Nine months later, I am happy to answer “Yes” to all three questions.

Developing the “Telling The Story” blog has been a great experience so far. And while it has mostly been a solitary experience — I run a relatively autonomous ship over here — it has allowed me to engage with people in a variety of ways across the media landscape.

At this time of taking stock and giving thanks, I would like to give my thanks — both verbally and through links — to the many people who have helped enrich both the blog itself and my personal experience in writing it:

Thanks to my bosses. This blog exists in part because of the blessings of the higher-ups at my full-time job. I am proud to say that I have done some of my best work yet for 11Alive/WXIA-TV this year, and I think I have improved as a storyteller because I constantly examine storytelling in this space.

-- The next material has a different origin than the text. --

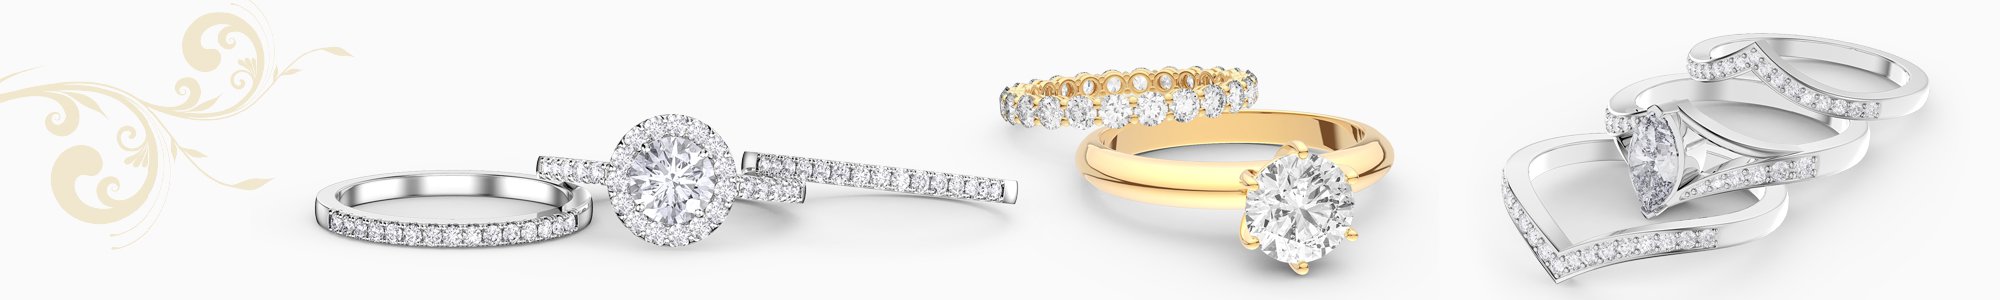 Shop for Bridal Ring Sets by Jian London Choose from our great selection direct from the Jian London Jewelry Store. Free US Delivery.
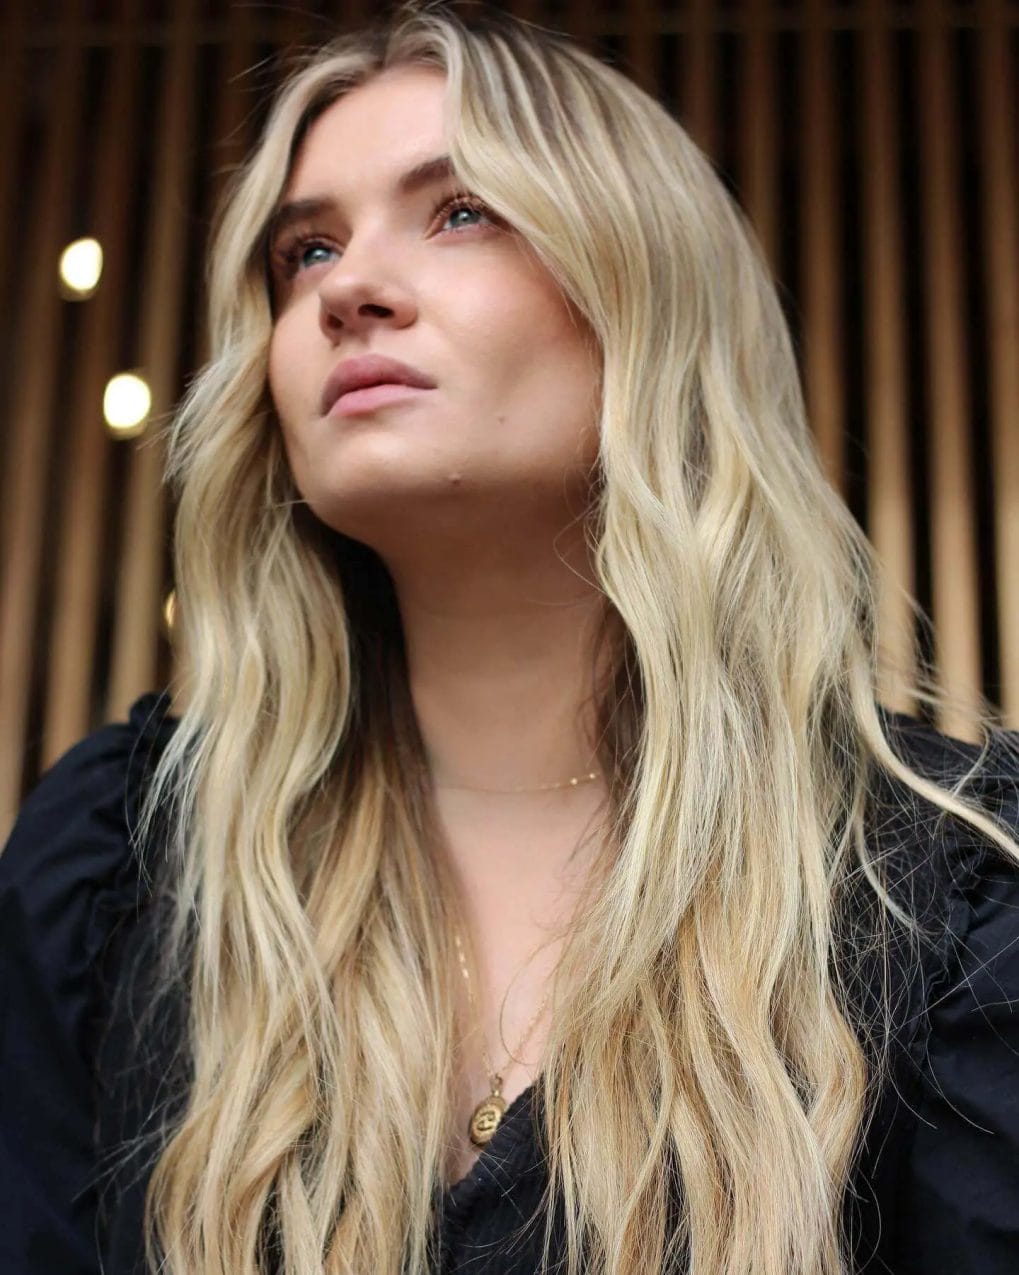 Sunlit golden ombre waves with middle-parted curtain bangs

Thanks to my podcast guests. I am greatly appreciative of the 13 individuals who have taken their time to be interviewed for my Telling The Story podcast. Of those 13, eight of them had never met or spoken with me before, and in many cases I was pleasantly surprised with how quickly they responded and set up an interview.

Case in point: my most recent guests, Joe Brewster and Michèle Stephenson, the filmmakers behind the powerful documentary American Promise. I watched the film on a Saturday night, contacted them Sunday morning, heard back less than an hour, and interviewed them that Tuesday.